Makers of Cranes, Illusions take home first Oscars

PASADENA, Calif. - Actress Scarlett Johansson handed out the first Oscar statuettes of the 77th Annual Academy Awards to movie engineers at the weekend while gamely slogging though complex descriptions of inventions she admitted she did not quite comprehend.

Among those honored were the man who created "bluescreen" technology that allowed actors to be placed in locations they were nowhere near, and engineers who made camera cranes more mobile and improved wide-screen cinematography.

The Academy also honored the inventors of 11 other devices, including lights, audio systems, special effects makeup and animation software.

From the start of the black-tie gala in Pasadena, California, Johansson warned attendees about the perils of the jargon-laden script she was reading from a TelePrompter.

"You need to stay alert in the first part of the evening or you'll be lost forever," she said. "The words are coming out of my mouth but I'm just not processing them."

"All you really need to know is it makes it sound better," Steven Boze later told her as he accepted an award for creating a device that removes unwanted noise from soundtracks.

The audience of mostly engineers and mathematicians seemed to startle Johansson at one point, by applauding during her lengthy description of motion-capture technology used in films like "Polar Express" and "I, Robot" to mimic human movements.

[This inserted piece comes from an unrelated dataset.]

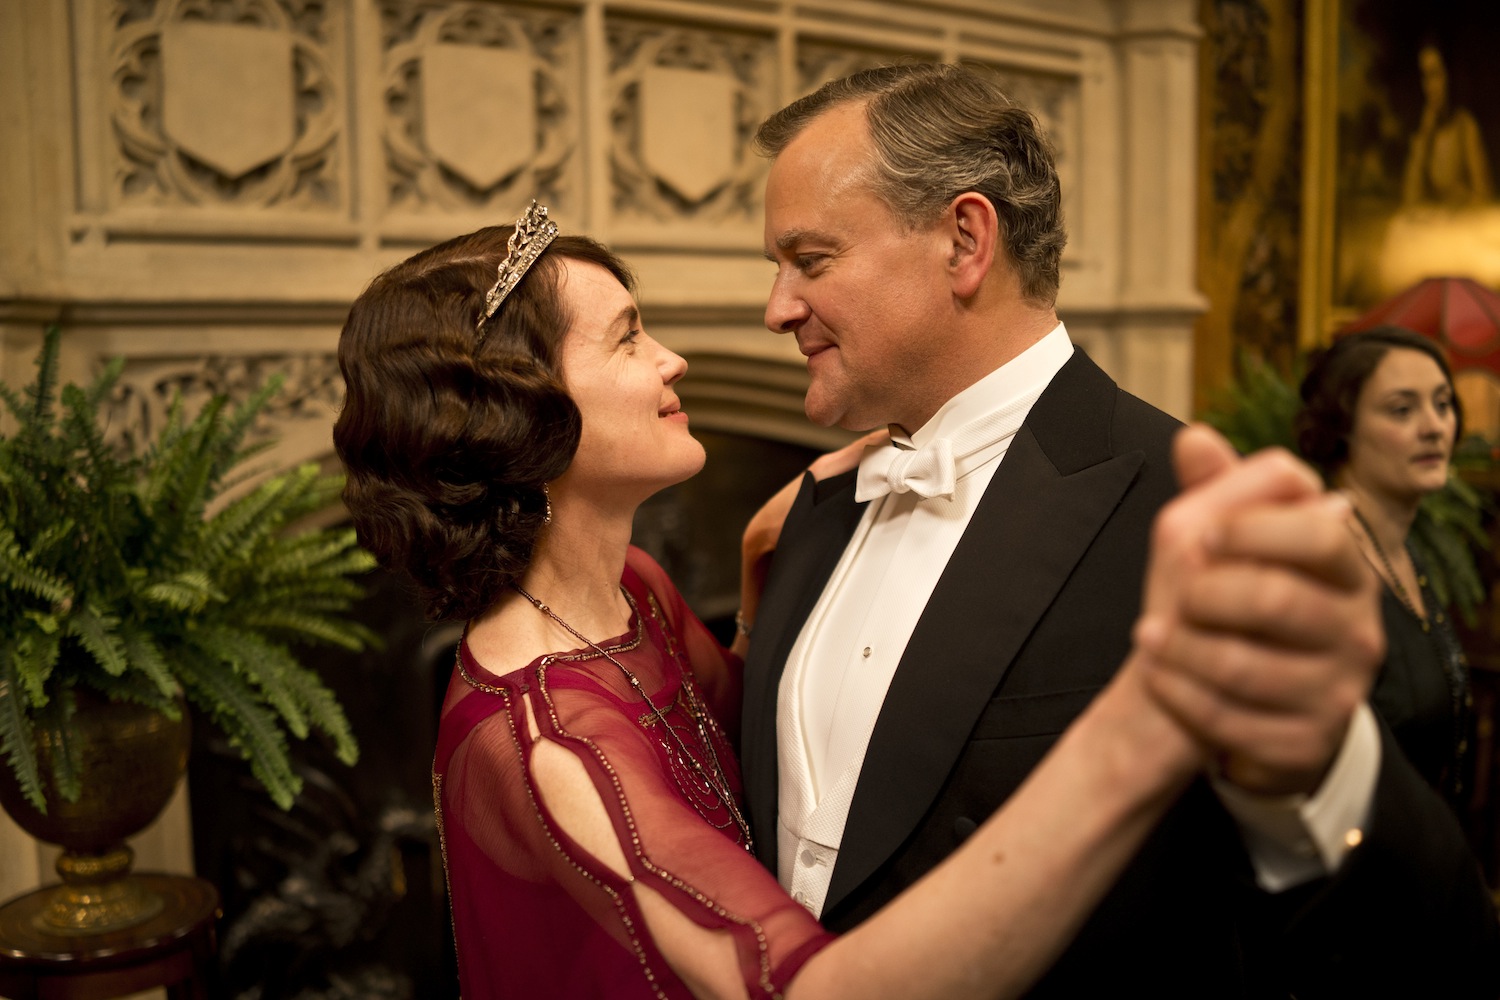 Part FiveSunday, February 2, 20149 – 10pm ET on MASTERPIECE on PBSRose’s surprise party for Robert risks scandal. Mary meets an old suitor, and Edith gets troubling news.Shown from left to right: Elizabeth McGovern as Lady Cora and Hugh Bonneville as Lord Grantham(C) Nick Briggs/Carnival Film & Television Limited 2013 for MASTERPIECEThis image may be used only in the direct promotion of MASTERPIECE CLASSIC. No other rights are granted. All rights are reserved. Editorial use only. USE ON THIRD PARTY SITES SUCH AS FACEBOOK AND TWITTER IS NOT ALLOWED.

"Wow. It's a real crowd pleaser," she said.

UP AND COMING

Johansson, 20, won widespread notice for her breakout role in 2003's "Lost in Translation." She is one of a number of younger actresses the Academy has tapped in recent years to host the technical Oscars, including Jennifer Garner, Kate Hudson and Charlize Theron.

The night's big winners were the men who designed and built the Louma Camera Crane and Technocrane systems, which put cameras in places where their operators could not easily go, and helped capture complex action sequences.

Horst Burbulla developed the Technocrane telescoping crane and introduced it to Steven Spielberg, who first used it in the 1981 action-adventure film "Raiders of the Lost Ark."

The team of Jean-Marie Lavalou, Alain Masseron and David Samuelson developed the Louma Camera Crane system in 1978 to replace heavy and slow-moving fixed-length cranes that were used on movie sets to capture high-angle shots.

The Academy gave the Gordon E. Sawyer Award to Panavision engineer Takuo Miyagishima, who, in his nearly 50-year career, invented a series of camera lenses, including one that enhanced the cinematography of wide-screen formats.

Former Eastman Kodak engineer Arthur Widmer was honored for a lifetime of cinematic achievements, including his invention of "bluescreen" compositing technology that first combined actors on soundstages with pre-filmed backgrounds.

One of the first films to use the technique was "The Old Man and the Sea" starring Spencer Tracy in 1958.